Introduction
The eyes and their related diseases is one of the major topics in medicine and general practitioners and specialists will be faced with its related issues repeatedly during the course of their professional career. Emergency eye patients are an important group of clients of specialist and general emergency units. Some of these diseases are potentially sight-threatening and, in the absence of appropriate treatment, may leave lesions in the eye and will impose many social and economic damages. The majority of eye diseases are preventable and treatable through the correct treatment methods (1). Therefore, the evaluation of the prevalence of each of these diseases and disorders is necessary in order to make appropriate plans to allocate suitable educational facilities and required medical facilities (1).
Ocular emergencies include ocular trauma, infection, ocular foreign body (OFB), vascular issues, chemical and thermal burns, and impaired intraocular pressure (IOP) (2, 3). Ocular trauma is one of the common causes of unilateral blindness in children and adolescents and one of the important causes of reduced vision in adults. Statistics show that 1 out of every 20 individuals who refer to the ophthalmologist refer due to ocular trauma (2).

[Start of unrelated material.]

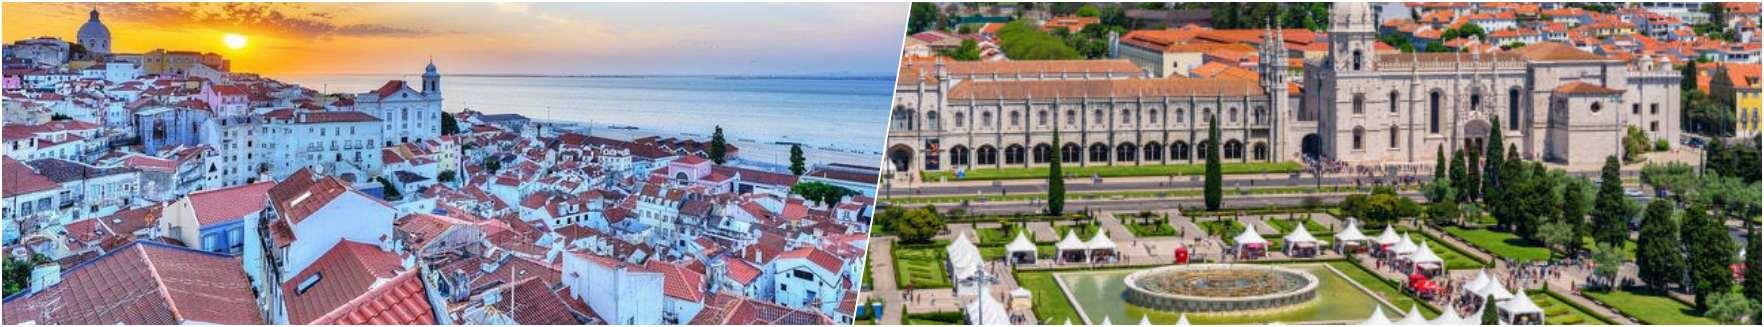 Lisbon - Belem Palace

In thermal burns, usually, the eyelids are initially affected. Ultraviolet burns are mostly observed in welders, skiers, and those exposed to Ultar violet light bulbs. Chemical burns, especially with alkaline substances, are the most urgent optometry cases due to the rapid penetration of these materials into the eye tissue (4). Penetrating traumas are common emergencies which are accompanied by intraocular hemorrhage, corneal laceration, and globe rupture (5). Corneal laceration requires immediate treatment due to the risk of damage to the internal structures of the eye and infection (4). OFBs consist of particles of metal, glass, wood, stone, and other materials which can cause irreparable injury in surface and deep ocular structures (6). Sudden loss of vision is another optometry emergency which requires prompt referral to the ophthalmologist. An hour delay in referral may result in the complete and irreparable loss of vision (7). The most common symptom of retinal vein and artery occlusion is the sudden and painless loss of vision. If the loss of vision is due to central retinal artery occlusion (CRAO), with the passage of 1 hour the individual’s vision is permanently lost (8).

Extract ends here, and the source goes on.